I found the answer to my terminal velocity question in a previous question asked. The problem is that I have attempted to solve this differential equation and cannot seem to come up with a reasonable answer for V(t)=...

The differential equation is -(g/VT^2)*V(t)^2 + g = dV(t)/dt PLEASE HELP!

ebaines · Jul 1, 2009, 02:11 PM

Please clarify the equation - is this it?

$ -( \frac g V T^2 ) [V(t)]^2 + g = \frac {dV(t)} {dt} $

Is T a constant, or did you mean to write it as lower case (time)? Also, what is that first V - the one in the denominator - is that V(t)?

David McLaurin · Jul 1, 2009, 02:31 PM

Originally Posted by ebaines

Please clarify the equation - is this it?

$ -( \frac g V T^2 ) [V(t)]^2 + g = \frac {dV(t)} {dt} $

Is T a constant, or did you mean to write it as lower case (time)? Also, what is that first V - the one in the denominator - is that V(t)?

VT is a velocity (terminal velocity).

David McLaurin · Jul 1, 2009, 02:32 PM

Originally Posted by ebaines

Please clarify the equation - is this it?

$ -( \frac g V T^2 ) [V(t)]^2 + g = \frac {dV(t)} {dt} $

Is T a constant, or did you mean to write it as lower case (time)?
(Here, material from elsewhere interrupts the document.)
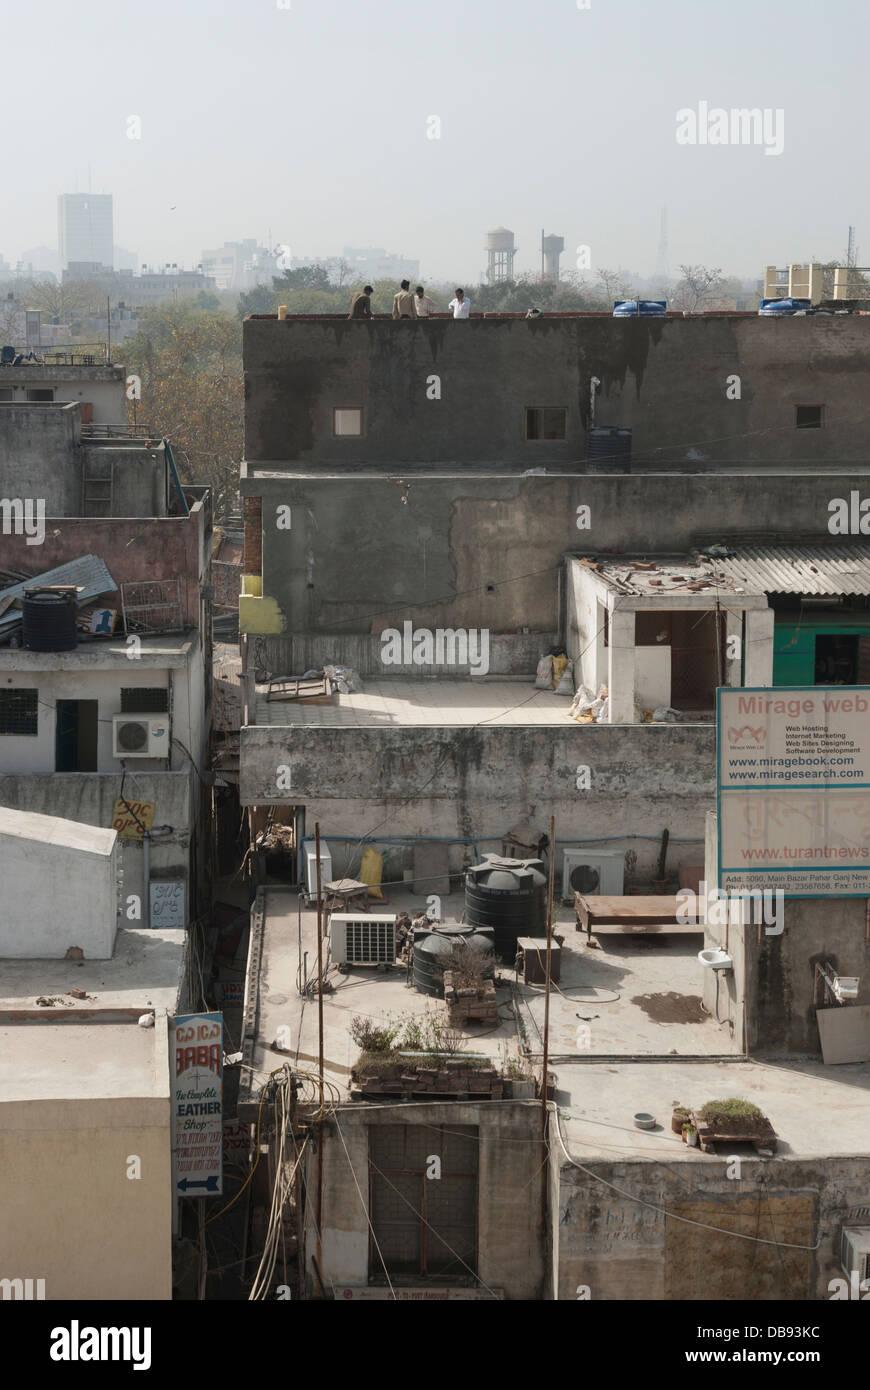 Paharganj, Delhi, India. 23 de marzo de 2012. Delhi skyline residente mirando por encima de los tejados. Imagen De Stock

Also, what is that first V - the one in the denominator - is that V(t)?

$ -( \frac g VT^2 ) [V(t)]^2 + g = \frac {dV(t)} {dt} $

David McLaurin · Jul 1, 2009, 02:33 PM

$ -( \frac g (VT)^2 ) [V(t)]^2 + g = \frac {dV(t)} {dt} $

ebaines · Jul 1, 2009, 02:46 PM

Like this then:

$ - \frac {g*v^2(t)} {{V_T}^2} + g = \frac {dv(t)} {dt} $

ebaines · Jul 1, 2009, 03:21 PM

I think you'll find that v(t) is of the form:

$ v^2 = A^2(1- e^{-Bt}) $

Play with this a bit and you will find that:

$ a = V_T $

The value for B depends on factors such as the viscosity and densty of the air and the air friction constant for the shape of the object. You need an additional data point to determine B, such as the value of v at t = 10 seconds, say.

David McLaurin · Jul 2, 2009, 07:20 AM

Originally Posted by ebaines

I think you'll find that v(t) is of the form:

$ v^2 = A^2(1- e^{-Bt}) $

Play with this a bit and you will find that
$ a = V_T $ .

The value for B depends on factors such as the viscosity and densty of the air and the air friction constant for the shape of the object. You need an additional data point to determine B, such as the value of v at t = 10 seconds, say.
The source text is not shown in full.